The precision of a test method is critical only when a material gives results close to its specification limit. With an aggregate that gives results well within its specification, it may be acceptable for the repeatability and reproducibility coefficients of variation to be greater than 8 %. It would thus make sense for the test method to allow the user a choice of test portion masses, so that smaller masses can be used with aggregates that easily meet their specifications, and larger masses can be used with aggregates that may give results close to specification limits.
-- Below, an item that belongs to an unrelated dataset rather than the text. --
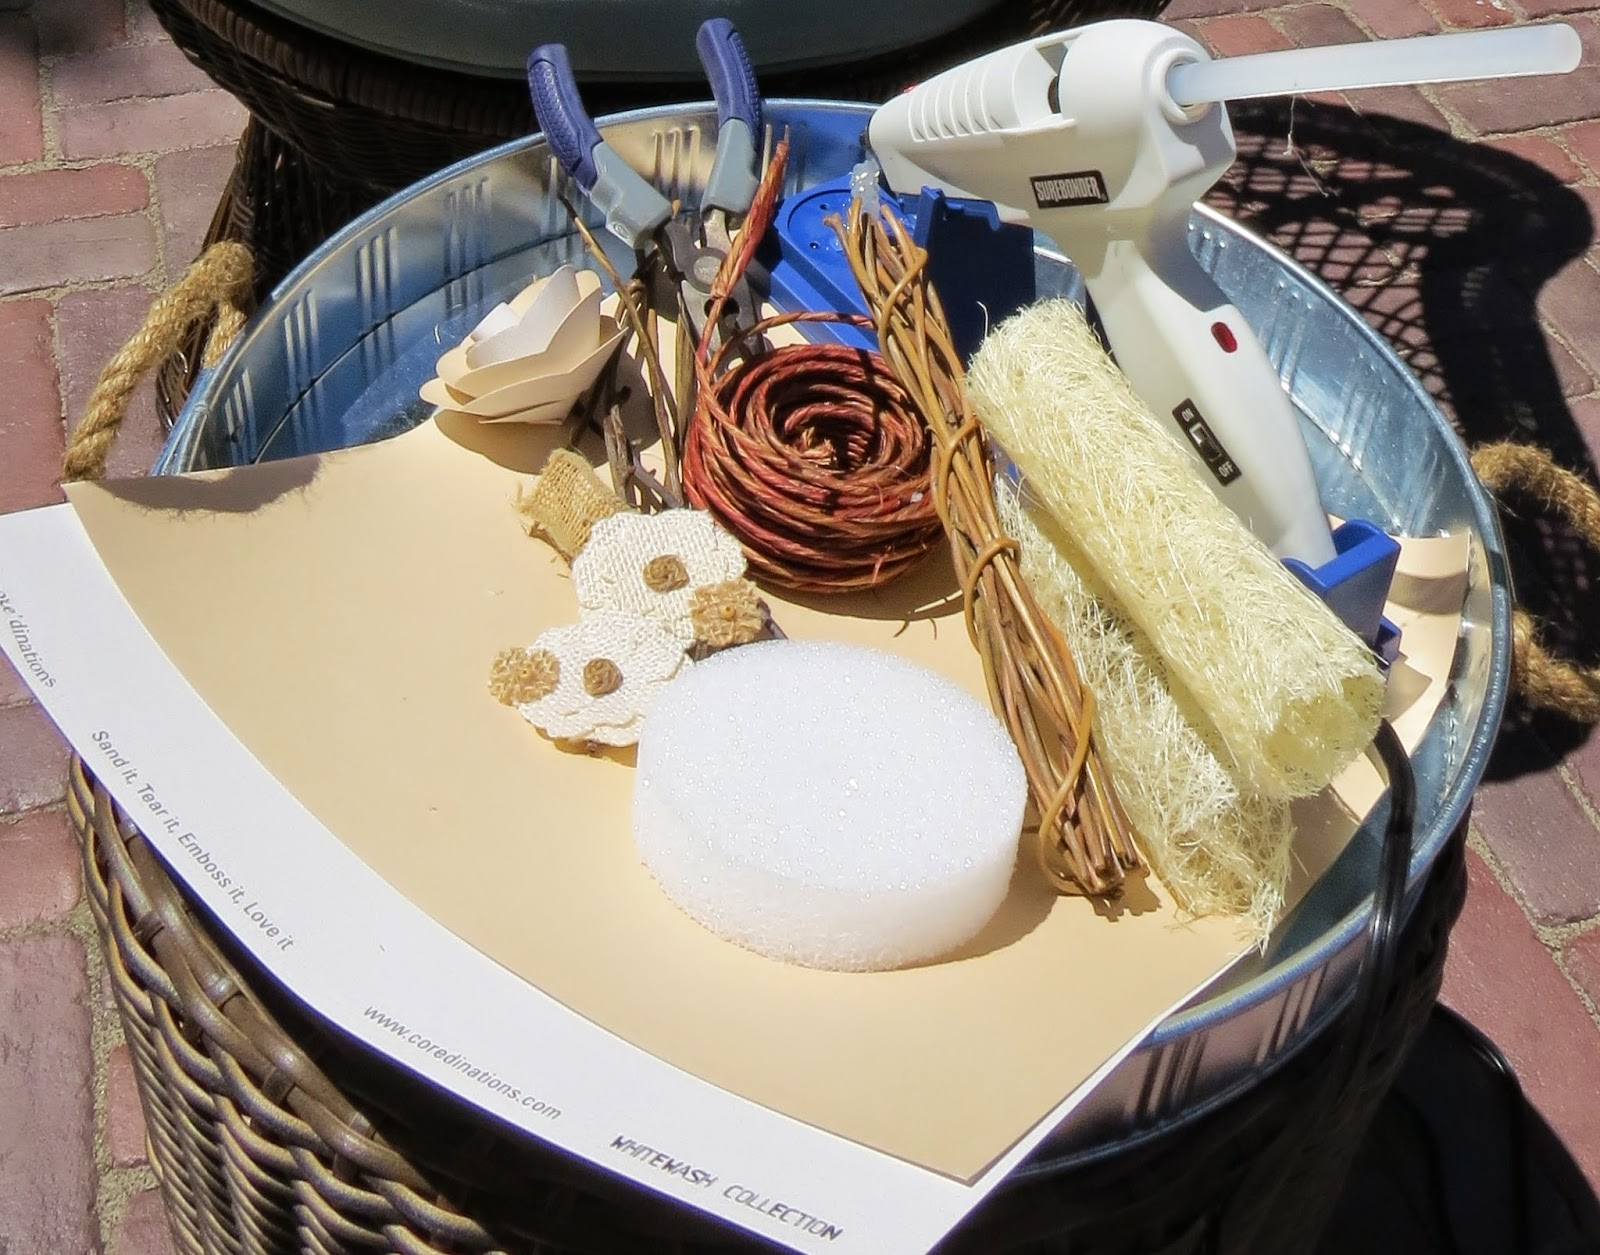 Supplies, Scrapbook paper, Cordless Glue Gun, Wire Cutters, Sisal,  Twigs, Styrofoam, Floral Wire, Burlap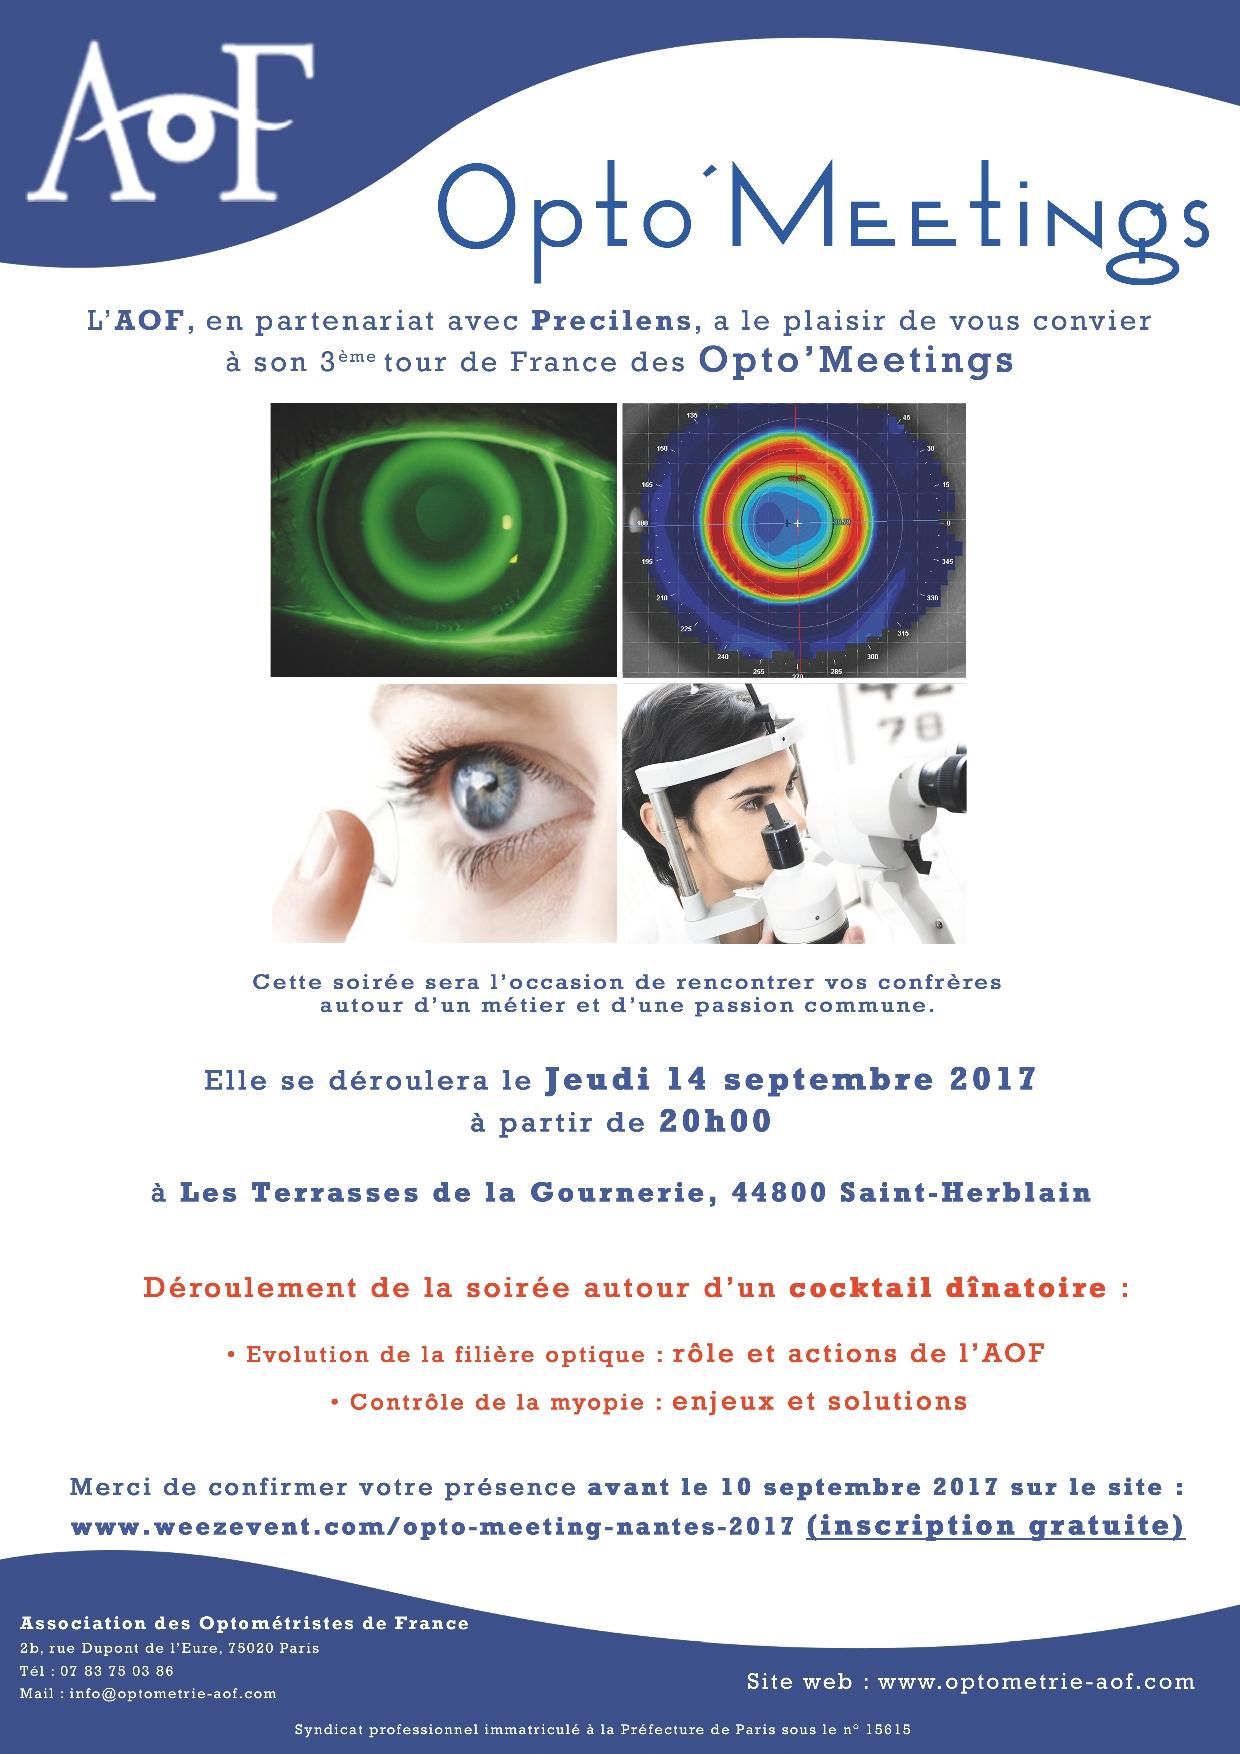 Opto'Meetings Nantes, Inscription gratuite.

Equation (5) could be used to calculate test portion masses appropriate to these situations.

According to Table A in the description of the experiment, the percentage of totally rounded particles in a "*Category B*" aggregate should not exceed 3 %. Very large test portion masses are required to determine small percentages precisely, so producers will find that they can meet this requirement consistently only if their aggregates contain a much smaller percentage of totally rounded particles than 3 % , or if they test very large test portions.

Equations (4) and (5) apply to aggregates, such as those used in this experiment, for which D <= 2d . It may be necessary, on occasion, to apply the test method to aggregates for which D > 2d . In such cases the test portion has to be sieved into size fractions so that each size fraction can be sorted into classes. In practice, some size fraction can contain very small or very large numbers of particles, and the method has to tell the operator what to do when these situations arise. The statistical theory used to derive Equations (4) and (5) can be extended to cover this more complicated problem. A method was derived during the development of the British procedure for quantitative petrographic examination of aggregates (BS 812 Part 104, 1994). That Standard gives a table of test portion masses, and a simple way of calculating how much of each size fraction to test. The method is illustrated below in Table B. The principle on which the method is based is that it minimises the total number of particles that have to be examined to achieve a specified level of repeatability. (I.e. it minimises the amount of work that has to be done by the operator.) The approach is applicable to other tests that involve sorting aggregates into classes, such as the test method that is the subject of this report.

Size fraction | Mass found in test portion | Reduction factor | Mass of size fraction to test |
---|---|---|---|

d_{i} / D_{i} mm |
M_{i} kg | (D_{i} / D_{1})^{3} |
m_{i} kg |

16/32 | 5.672 | 1 | 5.672 |

8/16 | 22.411 | (1/2)^{3} |
2.801 |

4/8 | 18.309 | (1/4)^{3} |
0.286 |